剣を取り、こぶしを握り、この手を返り血で染める道を引き返せなくなってしまったのを感じたの。

 とてもじゃないけど、人を掬い取る道なんかには今更戻れないわ。」

「じゃあ約束ね。

 悪鬼を倒したら、素敵な結婚式を挙げて、君を人生一幸せにしてあげて、

それから食べてあげる。」

 そう言って差し出された子指に、カナエは微笑んで優しく小指を絡めた。

「鬼狩りを食べたことも何度かあるけど、皆どういうわけか楽に逝かせてやろうとしてもそれを拒否して、むしろ痛くしてほしいって言うんだ。

 知っての通り屍救法を習得すると、逆に人間を最大限苦痛を高めて痛ぶって食い殺す術もまた習得するものだからリクエストに答えてあげているけど、君がそっちを望まない娘でよかったよ。」

 妹は必ずそっちを選ぶだろう。

 望むらくばこのような鬼にだけは絶対に会わせないようにしなければ。

 

 そして。 

 胡蝶カナエの、もはや命の灯が消えつつある体を見下ろし、童磨は後始末に悩む表情を浮かべていた。

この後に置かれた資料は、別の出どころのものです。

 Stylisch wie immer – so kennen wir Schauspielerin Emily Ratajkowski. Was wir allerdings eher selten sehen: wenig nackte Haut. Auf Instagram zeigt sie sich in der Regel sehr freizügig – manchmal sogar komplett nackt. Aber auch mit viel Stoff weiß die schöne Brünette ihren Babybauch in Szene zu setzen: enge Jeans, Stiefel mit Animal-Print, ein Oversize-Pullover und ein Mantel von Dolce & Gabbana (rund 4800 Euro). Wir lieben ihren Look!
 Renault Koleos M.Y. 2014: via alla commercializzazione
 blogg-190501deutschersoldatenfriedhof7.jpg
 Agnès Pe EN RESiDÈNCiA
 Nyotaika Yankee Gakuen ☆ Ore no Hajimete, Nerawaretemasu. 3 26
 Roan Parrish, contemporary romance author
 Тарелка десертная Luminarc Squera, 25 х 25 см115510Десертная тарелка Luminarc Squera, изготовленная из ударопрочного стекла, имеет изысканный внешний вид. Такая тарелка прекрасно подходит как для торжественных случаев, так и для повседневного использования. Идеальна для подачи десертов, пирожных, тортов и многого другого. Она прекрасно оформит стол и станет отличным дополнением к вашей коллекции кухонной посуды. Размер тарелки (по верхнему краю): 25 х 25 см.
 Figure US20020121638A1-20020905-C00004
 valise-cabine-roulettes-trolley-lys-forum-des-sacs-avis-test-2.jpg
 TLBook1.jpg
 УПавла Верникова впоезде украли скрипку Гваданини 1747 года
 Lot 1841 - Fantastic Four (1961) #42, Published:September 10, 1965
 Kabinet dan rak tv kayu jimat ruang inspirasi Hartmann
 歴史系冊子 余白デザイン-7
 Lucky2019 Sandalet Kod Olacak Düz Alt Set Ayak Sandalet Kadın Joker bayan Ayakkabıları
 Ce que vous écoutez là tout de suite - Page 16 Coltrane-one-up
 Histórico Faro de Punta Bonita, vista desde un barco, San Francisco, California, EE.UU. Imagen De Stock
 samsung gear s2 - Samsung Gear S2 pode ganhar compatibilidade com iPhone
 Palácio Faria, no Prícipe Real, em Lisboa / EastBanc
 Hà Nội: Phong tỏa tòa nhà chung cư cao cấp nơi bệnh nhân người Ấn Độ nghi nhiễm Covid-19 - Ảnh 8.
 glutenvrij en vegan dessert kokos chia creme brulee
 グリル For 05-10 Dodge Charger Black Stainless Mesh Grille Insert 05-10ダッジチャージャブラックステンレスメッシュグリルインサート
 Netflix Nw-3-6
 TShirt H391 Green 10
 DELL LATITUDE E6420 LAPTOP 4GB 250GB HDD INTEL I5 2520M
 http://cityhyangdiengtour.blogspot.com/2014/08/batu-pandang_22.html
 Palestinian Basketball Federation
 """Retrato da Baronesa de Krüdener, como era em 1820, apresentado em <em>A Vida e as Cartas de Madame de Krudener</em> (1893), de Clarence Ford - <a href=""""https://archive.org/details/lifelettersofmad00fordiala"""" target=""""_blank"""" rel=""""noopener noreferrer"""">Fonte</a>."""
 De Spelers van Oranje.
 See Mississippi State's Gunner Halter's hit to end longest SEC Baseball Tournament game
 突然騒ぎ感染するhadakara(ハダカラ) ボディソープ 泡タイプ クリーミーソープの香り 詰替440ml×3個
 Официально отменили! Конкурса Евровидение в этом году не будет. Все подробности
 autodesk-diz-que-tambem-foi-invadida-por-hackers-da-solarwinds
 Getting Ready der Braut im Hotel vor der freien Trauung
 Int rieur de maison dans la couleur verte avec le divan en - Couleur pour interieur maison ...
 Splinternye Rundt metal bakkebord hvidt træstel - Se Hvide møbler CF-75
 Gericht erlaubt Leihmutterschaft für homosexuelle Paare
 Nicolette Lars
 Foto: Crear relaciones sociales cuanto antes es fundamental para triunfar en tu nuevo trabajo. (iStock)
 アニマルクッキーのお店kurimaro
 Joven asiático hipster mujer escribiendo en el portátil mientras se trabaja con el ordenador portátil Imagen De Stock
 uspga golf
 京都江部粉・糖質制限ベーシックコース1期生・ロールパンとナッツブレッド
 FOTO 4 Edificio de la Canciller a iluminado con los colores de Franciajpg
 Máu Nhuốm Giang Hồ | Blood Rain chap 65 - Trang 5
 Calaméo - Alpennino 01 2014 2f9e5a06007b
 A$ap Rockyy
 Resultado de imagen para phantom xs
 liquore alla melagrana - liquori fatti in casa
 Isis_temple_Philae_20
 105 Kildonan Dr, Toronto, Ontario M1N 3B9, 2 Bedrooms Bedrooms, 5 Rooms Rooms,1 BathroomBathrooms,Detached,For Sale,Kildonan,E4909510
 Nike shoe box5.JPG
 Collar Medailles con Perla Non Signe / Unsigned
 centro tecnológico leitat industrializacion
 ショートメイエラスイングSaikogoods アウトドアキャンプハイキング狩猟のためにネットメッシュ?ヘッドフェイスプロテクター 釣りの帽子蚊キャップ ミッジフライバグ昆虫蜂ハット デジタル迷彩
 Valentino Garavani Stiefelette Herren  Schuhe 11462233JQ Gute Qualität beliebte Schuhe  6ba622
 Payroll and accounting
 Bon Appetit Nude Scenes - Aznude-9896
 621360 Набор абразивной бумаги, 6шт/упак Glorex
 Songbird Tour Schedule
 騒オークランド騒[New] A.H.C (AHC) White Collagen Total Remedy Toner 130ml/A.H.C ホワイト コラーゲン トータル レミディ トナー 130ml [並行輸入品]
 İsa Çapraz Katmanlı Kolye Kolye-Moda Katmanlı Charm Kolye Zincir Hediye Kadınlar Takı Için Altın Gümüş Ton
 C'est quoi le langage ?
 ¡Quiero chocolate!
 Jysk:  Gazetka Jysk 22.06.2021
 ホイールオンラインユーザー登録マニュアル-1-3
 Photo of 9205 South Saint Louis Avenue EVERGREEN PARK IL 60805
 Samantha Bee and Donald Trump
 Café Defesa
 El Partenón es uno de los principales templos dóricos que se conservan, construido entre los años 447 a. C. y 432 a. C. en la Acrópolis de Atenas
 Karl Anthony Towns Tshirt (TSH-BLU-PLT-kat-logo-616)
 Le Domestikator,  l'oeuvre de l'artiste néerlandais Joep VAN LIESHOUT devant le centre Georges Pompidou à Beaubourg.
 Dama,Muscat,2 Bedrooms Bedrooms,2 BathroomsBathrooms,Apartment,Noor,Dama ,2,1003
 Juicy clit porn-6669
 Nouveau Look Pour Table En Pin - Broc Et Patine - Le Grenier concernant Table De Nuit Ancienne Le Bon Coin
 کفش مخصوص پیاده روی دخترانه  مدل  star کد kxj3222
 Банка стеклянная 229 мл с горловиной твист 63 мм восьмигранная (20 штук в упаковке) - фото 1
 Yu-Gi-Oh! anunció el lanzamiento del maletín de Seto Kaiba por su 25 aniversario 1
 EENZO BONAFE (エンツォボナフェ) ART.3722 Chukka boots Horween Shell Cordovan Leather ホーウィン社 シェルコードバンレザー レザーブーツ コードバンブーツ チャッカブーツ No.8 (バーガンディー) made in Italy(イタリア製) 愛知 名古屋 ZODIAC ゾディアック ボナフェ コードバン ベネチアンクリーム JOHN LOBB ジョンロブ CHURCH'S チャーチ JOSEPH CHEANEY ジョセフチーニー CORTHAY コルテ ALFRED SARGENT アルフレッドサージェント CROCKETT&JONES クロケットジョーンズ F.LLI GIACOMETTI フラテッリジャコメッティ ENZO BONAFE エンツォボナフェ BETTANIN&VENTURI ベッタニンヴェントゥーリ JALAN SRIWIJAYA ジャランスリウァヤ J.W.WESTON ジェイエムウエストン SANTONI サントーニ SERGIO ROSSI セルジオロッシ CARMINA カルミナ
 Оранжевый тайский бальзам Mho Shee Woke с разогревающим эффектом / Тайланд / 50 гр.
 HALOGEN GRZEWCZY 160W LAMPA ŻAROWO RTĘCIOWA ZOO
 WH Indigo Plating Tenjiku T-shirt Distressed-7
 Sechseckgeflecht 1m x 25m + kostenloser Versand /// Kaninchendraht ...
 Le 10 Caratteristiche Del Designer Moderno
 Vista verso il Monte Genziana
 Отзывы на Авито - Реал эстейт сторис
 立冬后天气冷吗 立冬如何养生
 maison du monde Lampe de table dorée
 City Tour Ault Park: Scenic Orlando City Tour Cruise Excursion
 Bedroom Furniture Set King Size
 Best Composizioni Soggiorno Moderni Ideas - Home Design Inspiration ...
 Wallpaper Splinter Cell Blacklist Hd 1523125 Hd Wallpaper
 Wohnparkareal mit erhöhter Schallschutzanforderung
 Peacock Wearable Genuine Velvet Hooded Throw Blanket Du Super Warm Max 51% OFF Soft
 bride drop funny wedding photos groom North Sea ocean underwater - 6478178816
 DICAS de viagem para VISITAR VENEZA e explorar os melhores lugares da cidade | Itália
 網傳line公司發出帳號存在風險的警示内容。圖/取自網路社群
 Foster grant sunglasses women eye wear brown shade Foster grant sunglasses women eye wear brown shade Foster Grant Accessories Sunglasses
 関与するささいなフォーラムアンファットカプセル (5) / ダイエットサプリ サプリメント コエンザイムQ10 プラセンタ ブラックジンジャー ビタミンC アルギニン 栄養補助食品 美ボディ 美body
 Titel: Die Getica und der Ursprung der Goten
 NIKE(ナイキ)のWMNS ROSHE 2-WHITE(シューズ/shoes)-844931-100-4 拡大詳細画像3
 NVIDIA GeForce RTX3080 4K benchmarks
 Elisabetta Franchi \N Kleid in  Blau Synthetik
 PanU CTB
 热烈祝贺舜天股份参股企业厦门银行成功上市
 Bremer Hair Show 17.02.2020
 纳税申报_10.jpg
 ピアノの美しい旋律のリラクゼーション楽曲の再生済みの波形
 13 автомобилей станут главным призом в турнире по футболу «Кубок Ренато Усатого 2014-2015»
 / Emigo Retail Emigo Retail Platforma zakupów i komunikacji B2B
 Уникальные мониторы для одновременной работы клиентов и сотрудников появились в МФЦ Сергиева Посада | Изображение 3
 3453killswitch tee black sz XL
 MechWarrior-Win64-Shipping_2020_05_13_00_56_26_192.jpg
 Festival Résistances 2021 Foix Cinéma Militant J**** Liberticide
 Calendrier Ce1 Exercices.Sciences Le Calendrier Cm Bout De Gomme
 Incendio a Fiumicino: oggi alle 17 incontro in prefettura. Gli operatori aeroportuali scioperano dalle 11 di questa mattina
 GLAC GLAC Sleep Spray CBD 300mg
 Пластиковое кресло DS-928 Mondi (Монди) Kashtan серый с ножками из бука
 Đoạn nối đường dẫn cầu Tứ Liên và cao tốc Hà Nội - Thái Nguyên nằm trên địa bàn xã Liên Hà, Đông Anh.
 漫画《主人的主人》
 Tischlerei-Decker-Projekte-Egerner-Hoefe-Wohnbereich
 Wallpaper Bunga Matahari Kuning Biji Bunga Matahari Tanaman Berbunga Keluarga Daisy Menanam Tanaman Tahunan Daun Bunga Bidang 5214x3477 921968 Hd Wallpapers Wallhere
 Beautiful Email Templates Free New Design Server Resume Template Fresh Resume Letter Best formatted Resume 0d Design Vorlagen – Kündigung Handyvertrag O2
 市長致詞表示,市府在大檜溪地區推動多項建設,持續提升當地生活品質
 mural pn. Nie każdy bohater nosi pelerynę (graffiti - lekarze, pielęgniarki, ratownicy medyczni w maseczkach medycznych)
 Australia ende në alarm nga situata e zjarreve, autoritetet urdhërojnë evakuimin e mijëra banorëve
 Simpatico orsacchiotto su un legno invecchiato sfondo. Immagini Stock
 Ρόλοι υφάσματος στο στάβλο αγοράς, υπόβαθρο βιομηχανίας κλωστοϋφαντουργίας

「うーん、君は美味しそうだし、それまでの感謝も込めて俺のやり方で救ってやりたいんだけど・・・」

 その時童磨の頭には、やがて愛しているサナエを挙式の後に食べるのを心待ちにして惚気ている夕亞音の姿が浮かんだ。

「ごめんね。君の願いは叶えてやれないから…せめて横取りはやめておくよ。」

 それは、愛というものからかけ離れた童磨なりの、優しさだった。

────────────────────────────────

令和

「狂ってる……おかしいわよあんた!!」

「人と鬼……鬼狩りと鬼の行く末なんて、そんなもんさ。」

 顔を真っ赤に染め、歯を剝きだして食って掛かるカナヲを、夕亞音は冷淡にいなす。

「姉さんがあいつに殺されていた間、あんたは何してたの?」

「教団の行事で子供達を相手にしていたよ。」

「姉さんとあいつとのことを知ってたの?」

「うん。」

「姉さんがあいつに殺されてもよかったっていうの!」

「割り込んだら僕がカナエに真っ先に斬られてたし。

 それに僕にとってはカナエより童磨様の方が大事だもん。」

 カナヲは、その瞬間の彼のいう事が、一瞬理解できなかった。

「姉さんを愛してたんじゃないの?」

「勿論、愛しているよ。

 でも、僕はそれ以上に童磨様の為に生きてるんだ。